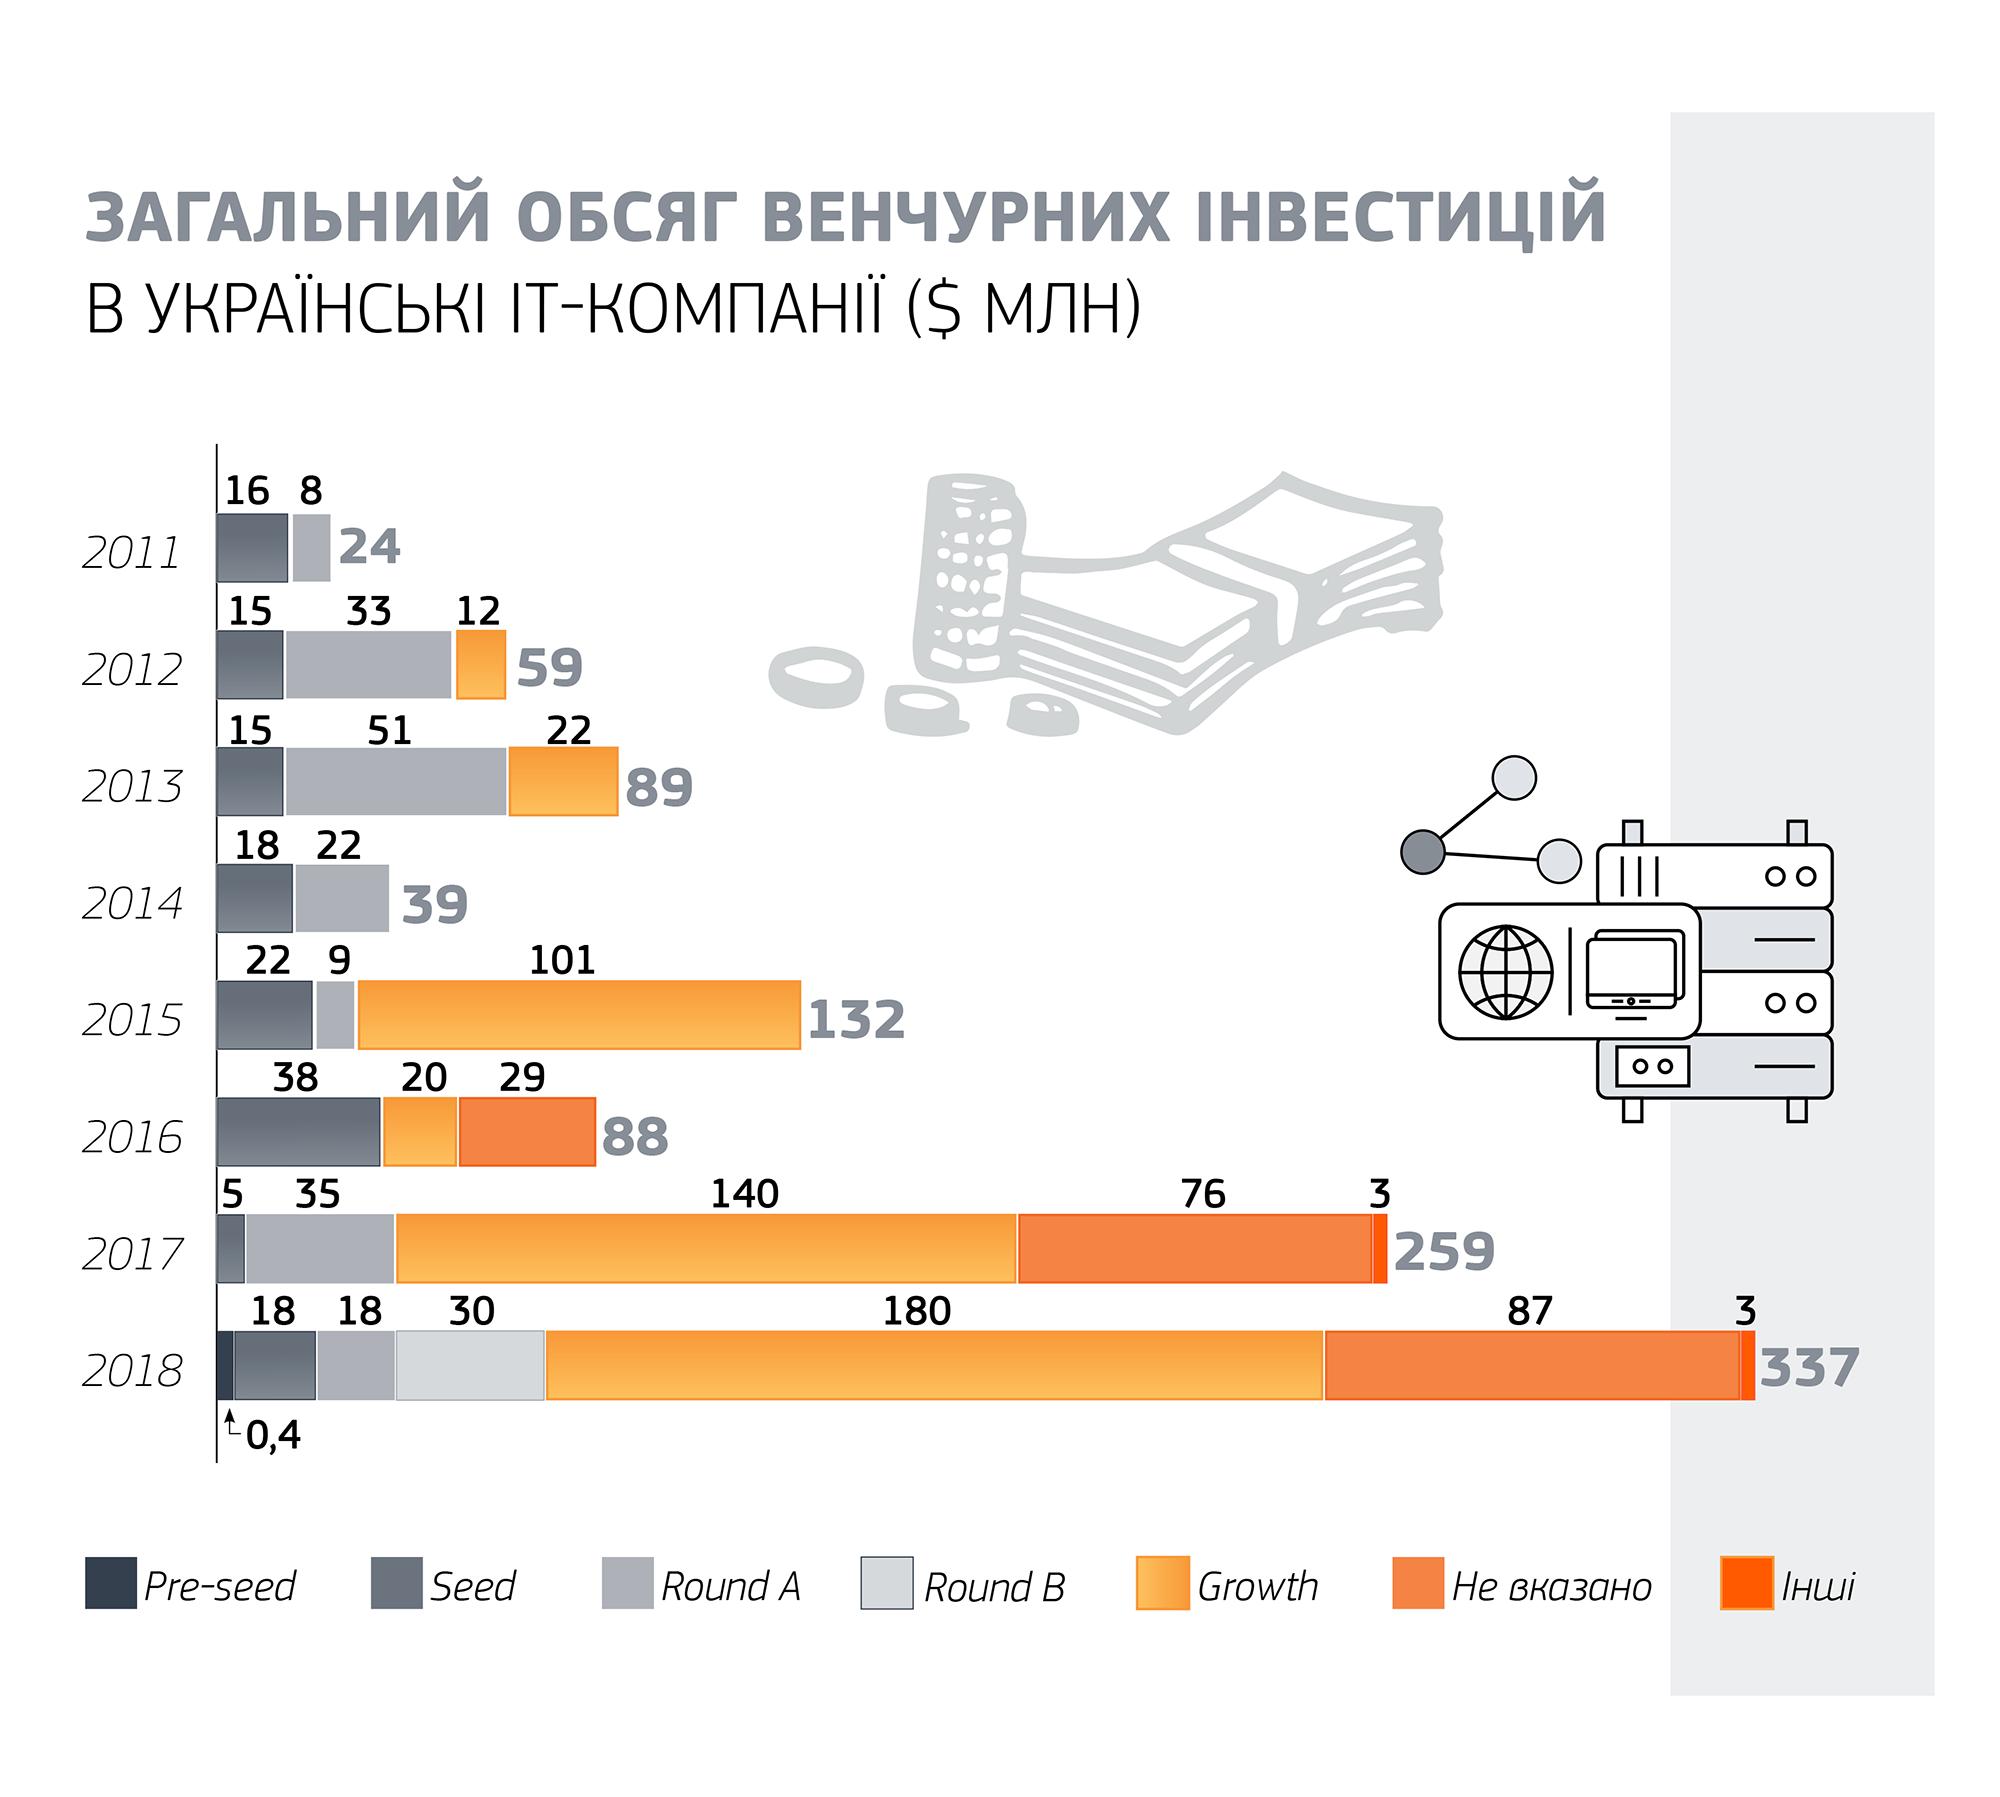 В 2018 году украинские стартапы привлекли 6,9 млн инвестиций (инфографика)
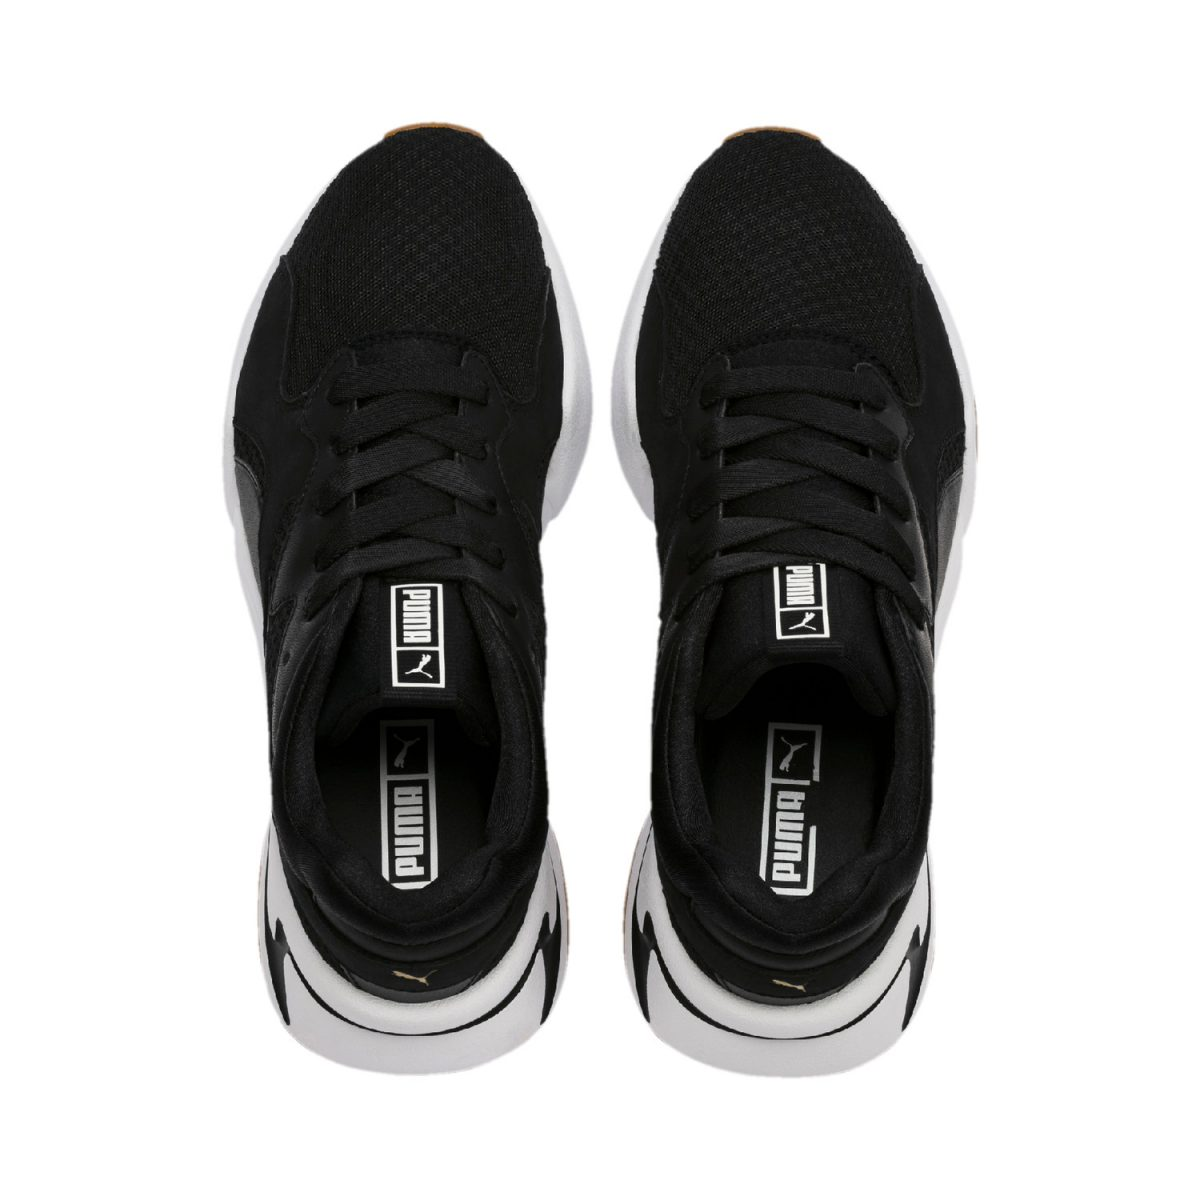 puma nova sneaker no brasil 09 - NOVA: O tênis da PUMA para mulheres com atitude
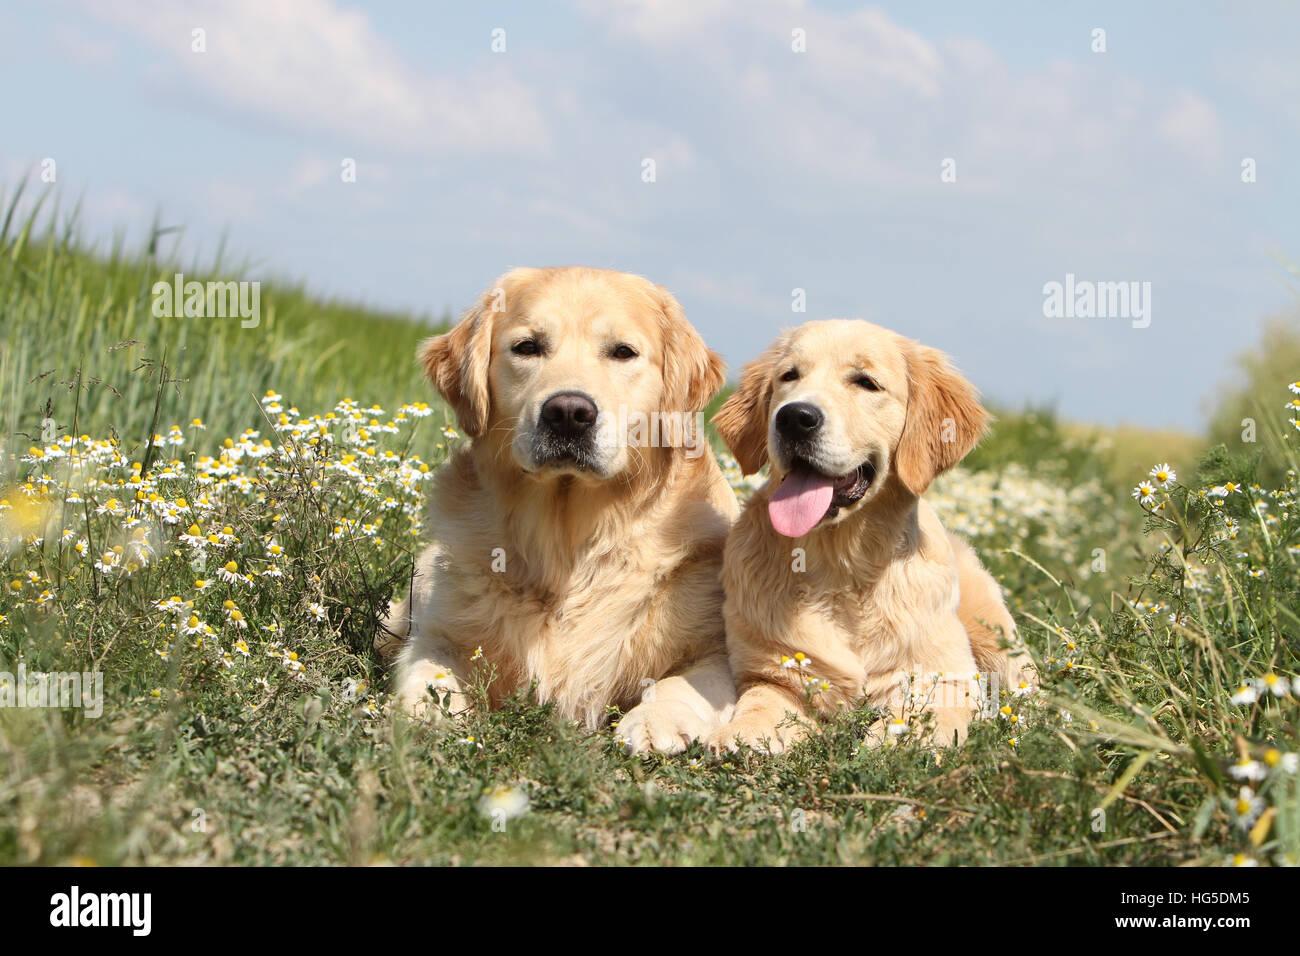 Perro Golden Retriever dos adultos que yacía en el suelo Imagen De Stock

---------------

#### [DESCRIPTION OF THE TASK]
Return the material exactly as it reads, though without the pictures it holds.

#### [SOLUTION]
 В 2018 году украинские стартапы привлекли 6,9 млн инвестиций (инфографика)
 puma nova sneaker no brasil 09 - NOVA: O tênis da PUMA para mulheres com atitude
 Perro Golden Retriever dos adultos que yacía en el suelo Imagen De Stock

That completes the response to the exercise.